主要介绍根据如下六个步骤,开展具体排查:

  1. CPU域调试,观察报错信息;
  2. Matmul Tiling是否有修改,修改是否合理;
  3. 算子隐藏Vector计算,仅调用Matmul API,算子功能是否正确;
  4. 单核执行,算子功能是否正确;
  5. 排查Matmul API的使用是否正确;
  6. 用于算子调测的golden脚本是否正确。

CPU域调试,观察报错信息

在完成算子代码的开发后,在CPU域调试时,若编译或执行报错,日志中一般会有明显的报错信息。根据报错信息的提示内容,通常可以快速定位到问题所对应的代码位置。这种方法尤其对DataCopy参数设置错误导致的地址越界、算子Tiling参数设置不正确、其他内存越界访问等基础参数的使用问题,可以快速定位到具体原因。

以下为matmul算子核函数的代码片段。

extern "C" __global__ __aicore__ void matmul_custom(GM_ADDR a, GM_ADDR b, GM_ADDR c, GM_ADDR workspace, GM_ADDR tilingGm) 
{ 
    using A_T = half; 
    using B_T = half; 
    using C_T = float; 
  
    AscendC::TPipe pipe; 
    TCubeTiling tiling; 
    CopyTiling(&tiling, tilingGm); 
  
    AscendC::GlobalTensor<A_T> aGlobal; 
    AscendC::GlobalTensor<B_T> bGlobal; 
    AscendC::GlobalTensor<C_T> cGlobal; 
    aGlobal.SetGlobalBuffer(reinterpret_cast<__gm__ A_T *>(a), tiling.M * tiling.Ka); 
    bGlobal.SetGlobalBuffer(reinterpret_cast<__gm__ B_T *>(b), tiling.Ka * tiling.N); 
    cGlobal.SetGlobalBuffer(reinterpret_cast<__gm__ C_T *>(c), tiling.M * tiling.N); 
  
    int offsetA = 0; 
    int offsetB = 0; 
    int offsetC = 0; 
    bool isTransA = false; 
    bool isTransB = true; 
  
    int tailM = 0; 
    int tailN = 0; 
    CalcGMOffset(GetBlockIdx(), tiling, offsetA, offsetB, offsetC, tailM, tailN, isTransA, isTransB); 
  
    auto gmA = aGlobal[offsetA]; 
    auto gmB = bGlobal[offsetB]; 
    auto gmC = cGlobal[offsetC]; 
  
    Matmul<MatmulType<AscendC::TPosition::GM, CubeFormat::ND, A_T>, 
           MatmulType<AscendC::TPosition::GM, CubeFormat::ND, B_T>, 
           MatmulType<AscendC::TPosition::GM, CubeFormat::ND, C_T>> mm; 
    REGIST_MATMUL_OBJ(&pipe, GetSysWorkSpacePtr(), mm, &tiling); 
 
    mm.SetTensorA(gmA, isTransA); 
    mm.SetTensorB(gmB, isTransB); 
    mm.SetTail(tailM, tailN); 
    mm.IterateAll(gmC); 
    mm.End(); 
}

本案例中的算子有精度问题,于是使用CPU调测该算子功能,CPU运行后,根据报错信息提示的矩阵B的transpose未定义,查看矩阵B的相关设置代码,发现Matmul对象定义时未设置矩阵B的B_TYPE::isTrans,而SetTensorB接口设置了isTransB = true,导致执行报错。
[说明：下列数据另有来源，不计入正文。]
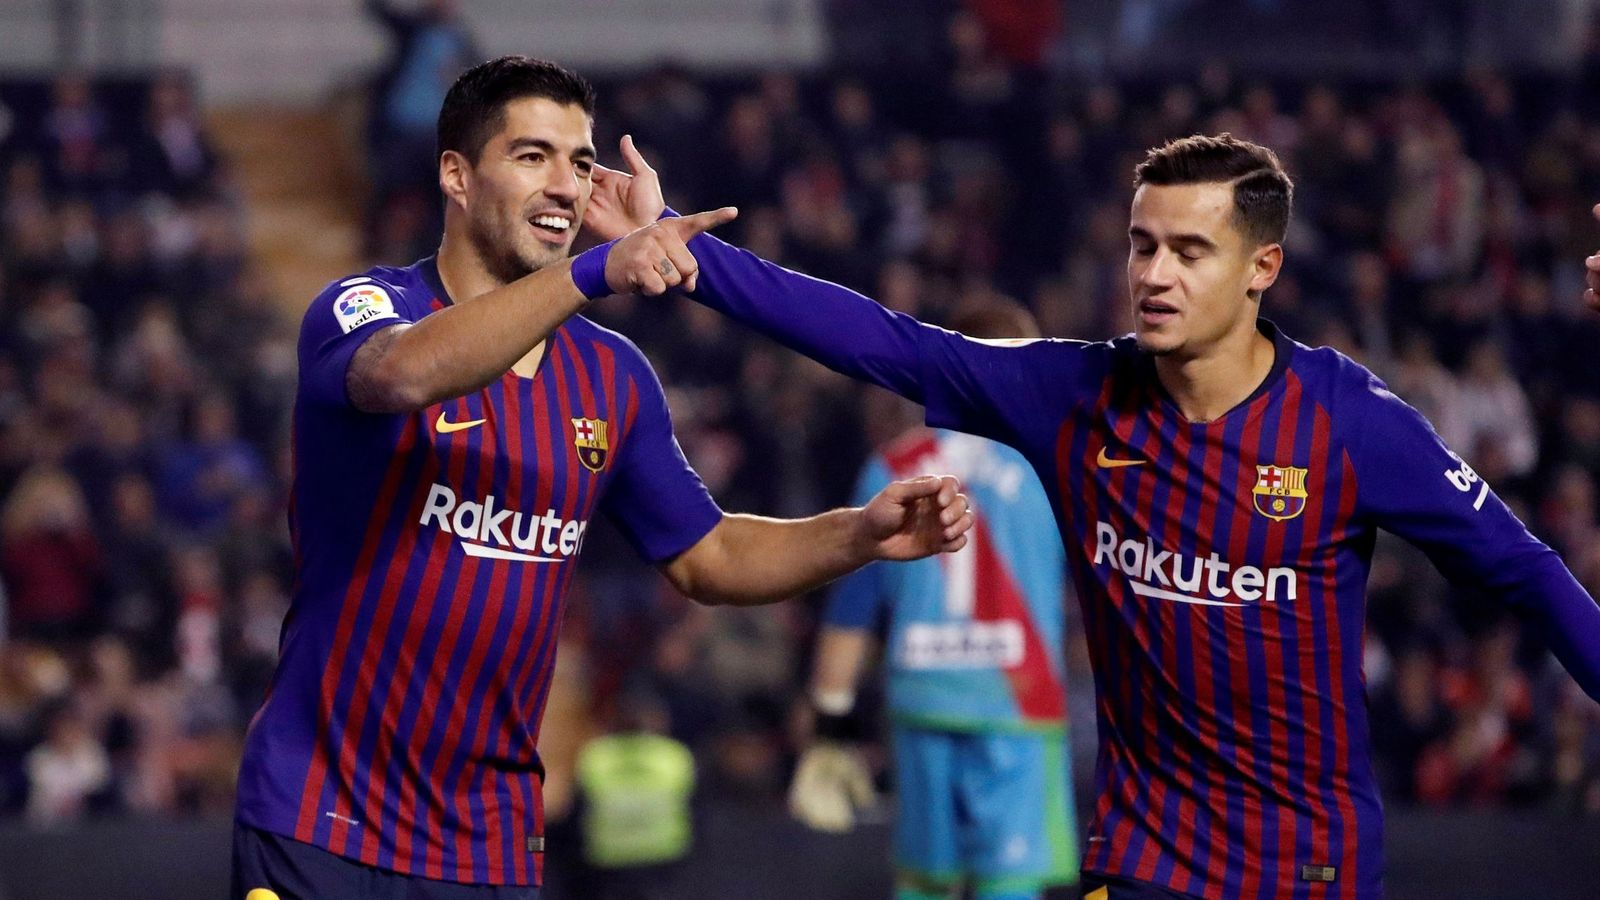 b78cd6d02f9f0 FC Barcelona  Luis Suárez ocupa el vacío de Messi que Coutinho no ayuda a  llenar

所以,此问题的根因为SetTensorB设置的isTransB值与B_TYPE不符。

[ASSERT] /home/cma/Ascend/CANN-7.5/x86_64-linux/ascendc/include/highlevel_api/lib/matmul/matmul_client.h:268: Assertion `isTransposeB <= B_TYPE::isTrans && "It is not allowed to do B transpose when matmul B transpose is not defined."' 
[ASSERT] /home/cma/Ascend/CANN-7.5/x86_64-linux/ascendc/include/highlevel_api/lib/matmul/matmul_client.h:268: Assertion `isTransposeB <= B_TYPE::isTrans && "It is not allowed to do B transpose when matmul B transpose is not defined."' 
[ERROR][AIV_1][pid 1010818] error happened! ========= 
SIGABRT Signal (Abort Signal from abort) catched, backtrace info: 
[#0] 0x0000000000009cd2: Handler(int) at /home/cma/Ascend/latest/tools/tikicpulib/lib/include/kern_fwk.h:106 
[#1] 0x00000000000060b7: main at /home/cma/samples/Precision_Check_Guide/samples-master/operator/MatmulCustomSample/KernelLaunch/MatmulInvocationNeo-cpu_check/main.cpp:50 (discriminator 126) 
[#2] 0x00000000000086de: _start at ??:? 
 
[ERROR][AIV_0][pid 1010817] error happened! ========= 
SIGABRT Signal (Abort Signal from abort) catched, backtrace info: 
[#0] 0x0000000000009cd2: Handler(int) at /home/cma/Ascend/latest/tools/tikicpulib/lib/include/kern_fwk.h:106 
[#1] 0x00000000000060b7: main at /home/cma/samples/Precision_Check_Guide/samples-master/operator/MatmulCustomSample/KernelLaunch/MatmulInvocationNeo-cpu_check/main.cpp:50 (discriminator 126) 
[#2] 0x00000000000086de: _start at ??:?

Matmul Tiling是否有修改,修改是否合理

一般含有Matmul的算子Tiling实现中,Matmul Tiling的结构体TCubeTiling,通过调用GetTiling接口返回,这时这组Tiling值是合法的。某些情况下,用户自定义了一组TCubeTiling参数值,或者,基于GetTiling接口返回的TCubeTiling,自行修改了其中的部分Tiling值,这样的修改需要满足参数间的制约条件。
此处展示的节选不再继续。